Introduction: Herpes zoster (HZ) is caused by endogenous reactivation of latent varicella-zoster virus (VZV) that persists in sensory ganglia after primary infection. The incidence and severity of HZ increase during immunosuppression. Especially, immunocompromised patients are at high risk of developing a cutaneous rash and suffering from delayed healing of lesions. Bromovinyl deoxyuridine (brivudine), one of the most potent oral inhibitors of VZV replication, is widely used in the therapy of HZ in adult patients, particularly in Europe. In this study, we investigated the efficacy of brivudine in immunocompromised children to provide an outpatient treatment option.

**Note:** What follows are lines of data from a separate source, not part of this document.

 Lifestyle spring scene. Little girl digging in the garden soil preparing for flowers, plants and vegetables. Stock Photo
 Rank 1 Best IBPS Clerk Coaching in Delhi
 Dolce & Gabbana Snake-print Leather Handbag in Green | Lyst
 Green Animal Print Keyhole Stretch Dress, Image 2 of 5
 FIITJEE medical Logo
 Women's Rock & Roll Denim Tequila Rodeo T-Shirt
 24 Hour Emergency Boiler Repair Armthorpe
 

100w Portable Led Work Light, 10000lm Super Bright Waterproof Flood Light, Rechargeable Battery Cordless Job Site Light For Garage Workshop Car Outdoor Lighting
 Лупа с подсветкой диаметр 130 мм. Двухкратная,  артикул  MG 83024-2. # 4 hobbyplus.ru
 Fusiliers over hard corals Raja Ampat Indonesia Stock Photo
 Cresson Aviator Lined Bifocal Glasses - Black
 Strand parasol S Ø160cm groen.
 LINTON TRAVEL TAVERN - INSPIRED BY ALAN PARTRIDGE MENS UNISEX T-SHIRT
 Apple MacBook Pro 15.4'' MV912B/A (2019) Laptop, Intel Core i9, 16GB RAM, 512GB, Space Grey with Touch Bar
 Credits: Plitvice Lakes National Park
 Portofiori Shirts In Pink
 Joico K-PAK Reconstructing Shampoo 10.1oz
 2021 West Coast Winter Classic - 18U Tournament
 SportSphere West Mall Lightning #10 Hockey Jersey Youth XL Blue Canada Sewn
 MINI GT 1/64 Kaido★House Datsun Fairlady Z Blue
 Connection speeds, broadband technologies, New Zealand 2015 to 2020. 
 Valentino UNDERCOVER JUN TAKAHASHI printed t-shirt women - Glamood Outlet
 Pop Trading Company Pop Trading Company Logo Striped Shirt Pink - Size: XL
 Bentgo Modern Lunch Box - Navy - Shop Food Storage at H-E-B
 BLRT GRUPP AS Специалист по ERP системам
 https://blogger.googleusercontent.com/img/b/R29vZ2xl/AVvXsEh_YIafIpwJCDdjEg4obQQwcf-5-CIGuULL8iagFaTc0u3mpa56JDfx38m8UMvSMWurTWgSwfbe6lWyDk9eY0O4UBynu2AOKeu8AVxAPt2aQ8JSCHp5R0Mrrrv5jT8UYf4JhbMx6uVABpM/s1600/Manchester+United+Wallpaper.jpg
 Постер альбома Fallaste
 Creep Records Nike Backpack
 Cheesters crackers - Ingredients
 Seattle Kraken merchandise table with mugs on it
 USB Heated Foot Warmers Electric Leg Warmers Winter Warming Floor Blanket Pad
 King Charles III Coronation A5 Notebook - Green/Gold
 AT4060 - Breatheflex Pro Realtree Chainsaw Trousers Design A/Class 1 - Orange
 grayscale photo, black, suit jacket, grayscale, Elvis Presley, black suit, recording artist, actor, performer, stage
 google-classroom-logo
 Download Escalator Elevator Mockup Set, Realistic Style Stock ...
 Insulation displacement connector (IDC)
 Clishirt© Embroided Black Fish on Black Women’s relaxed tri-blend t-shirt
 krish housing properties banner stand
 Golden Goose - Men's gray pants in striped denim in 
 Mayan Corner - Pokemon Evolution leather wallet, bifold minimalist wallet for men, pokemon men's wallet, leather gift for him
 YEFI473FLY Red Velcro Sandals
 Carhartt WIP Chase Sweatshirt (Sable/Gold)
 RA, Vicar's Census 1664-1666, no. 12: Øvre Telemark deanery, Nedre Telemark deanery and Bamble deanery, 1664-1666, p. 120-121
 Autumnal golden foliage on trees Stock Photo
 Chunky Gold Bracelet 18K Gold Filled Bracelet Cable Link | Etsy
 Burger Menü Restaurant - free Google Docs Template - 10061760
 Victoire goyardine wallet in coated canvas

Methods: In this retrospective study, we included 64 immunocompromised pediatric patients with a median age of 14 years. Forty-seven patients received immunosuppressive therapy as part of hematopoietic stem cell transplantation and 17 patients as part of chemotherapy. Primary diagnosis was made clinically by examining the nature and the localization of the skin lesions. Laboratory confirmation was conducted based on the detection of VZV DNA in vesicle fluid and blood samples. Brivudine was administered orally at a single dose of 2 mg/kg per day. We monitored the patients' response for the full time of treatment and observed the time of full crusting of lesions, loss of crusts, and any adverse effects that occurred.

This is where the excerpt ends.